Is it their fault that by, being dirt-poor and trying to save on property taxes (that happen to be based on the length of street frontage that your building faces....thusly, the skinny houses), they made their houses and hotels high and narrow for that reason?? Is it their fault that you knocked up your wife and they should accommodate YOU and ONLY YOU by building lower, wider hotels???
Hate their language? How the fuck you think YOUR language sounds to them? (As an aside, my wife has told me that when Hai Phong's few English speakers get together and talk over beers, that it sounds to her like a live lobster being spun in a blender while 500 sewing machines are going full-speed in the background). And to compare their spoken language tonal patterns to a developmentally disabled person?
Christ - I'd compare your (in)ability to write an objective, narrative piece to that of a developmentally disabled person......but that would be insulting to the mentally-challenged.

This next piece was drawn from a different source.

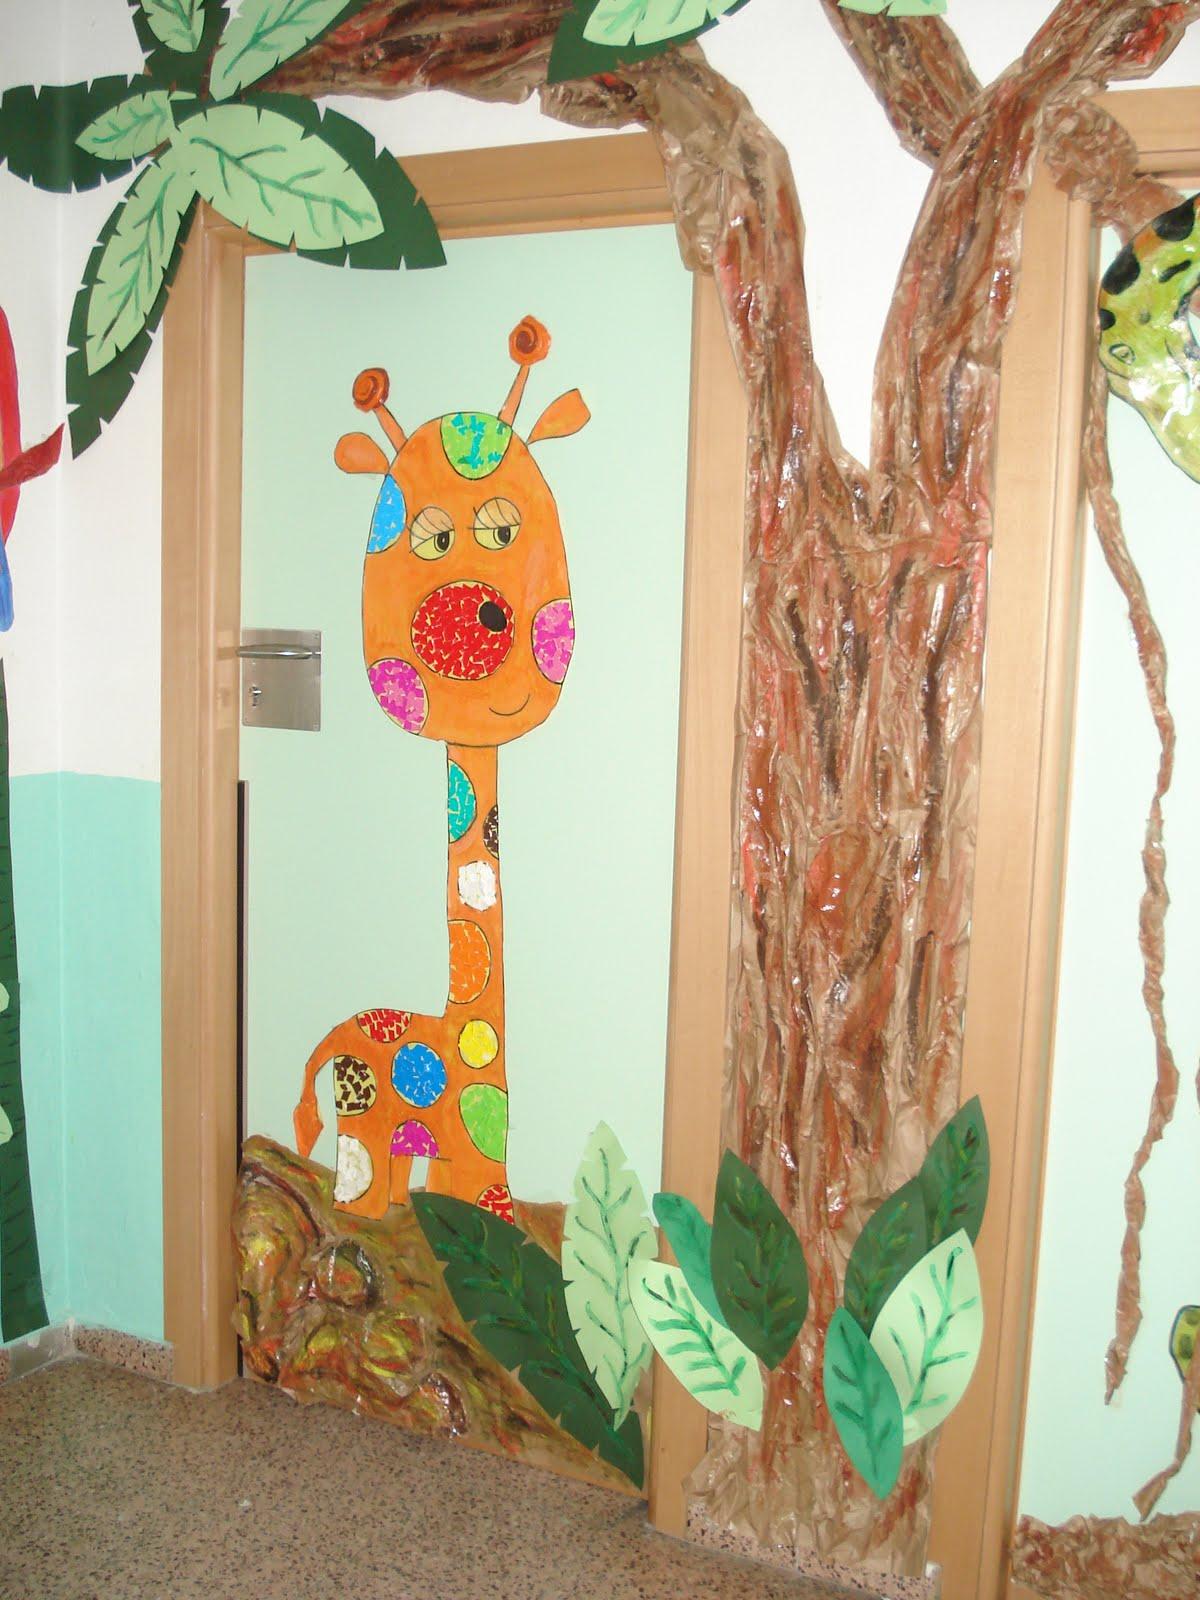 Recursos de educaci n infantil febrero 2011 for Decoracion puerta aula infantil
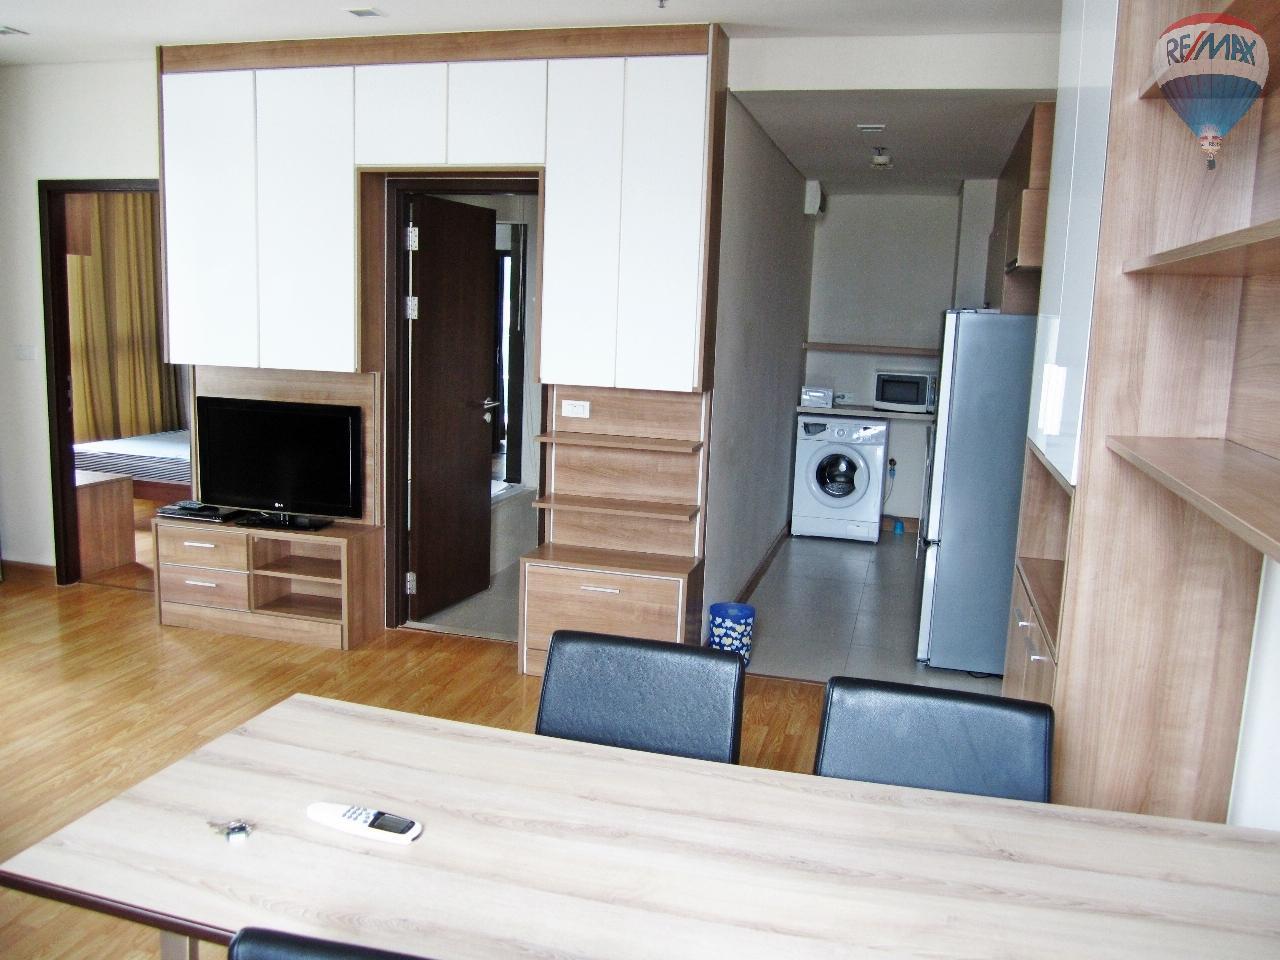 RE/MAX Properties Agency's Condominium for rent 1 bedroom 52 Sq.m. at Le Luk condominium  1

I mean, oh, no doubt - I got my issues with Vietnam.....several of 'em as a matter of fact....but it's part of the adventure....ya learn to live and deal with stuff like this (and a lot of additional things that this wankshaft didn't mention) on a daily basis! IF I were to ever say that I hated Vietnam, well, shit - I (and several others) have earned that right by residing here for longer than two weeks!
I could tear this brain-surgeon's points apart piece-by-piece........but I fear I've wasted enuff time and given this wankshaft enuff undeserved attention, so I'll leave it at that.
Later on, did a bit of looking around on this guy's web production, and found out that he's some sort of I.T. geek. Figgers, I though to myself......here we go with the entitlement mentality.
I had resided in a High-Tech boomtown during the height of that bullshit, and watched rents in my little Bohemian hipster neighbourhood go through the fucking roof as these artificially over-paid I.T. dipshits were moving in (they somehow found time to move into my 'hood when they weren't busy playing foosball and fucking ping-pong at work all day) and driving up rents with their $80,000-plus/year salaries (which they would incessantly defend over trendy-ass martinis about how they deserve every penny, if not more)....
....needless to say, as much as I asbo-fucking-lutely despise Capitalism, I was dancing on the streets when the market self-corrected this artificial over-valuation and created the dot-com "crash" of '01 and rents started coming back down to more reasonable levels.....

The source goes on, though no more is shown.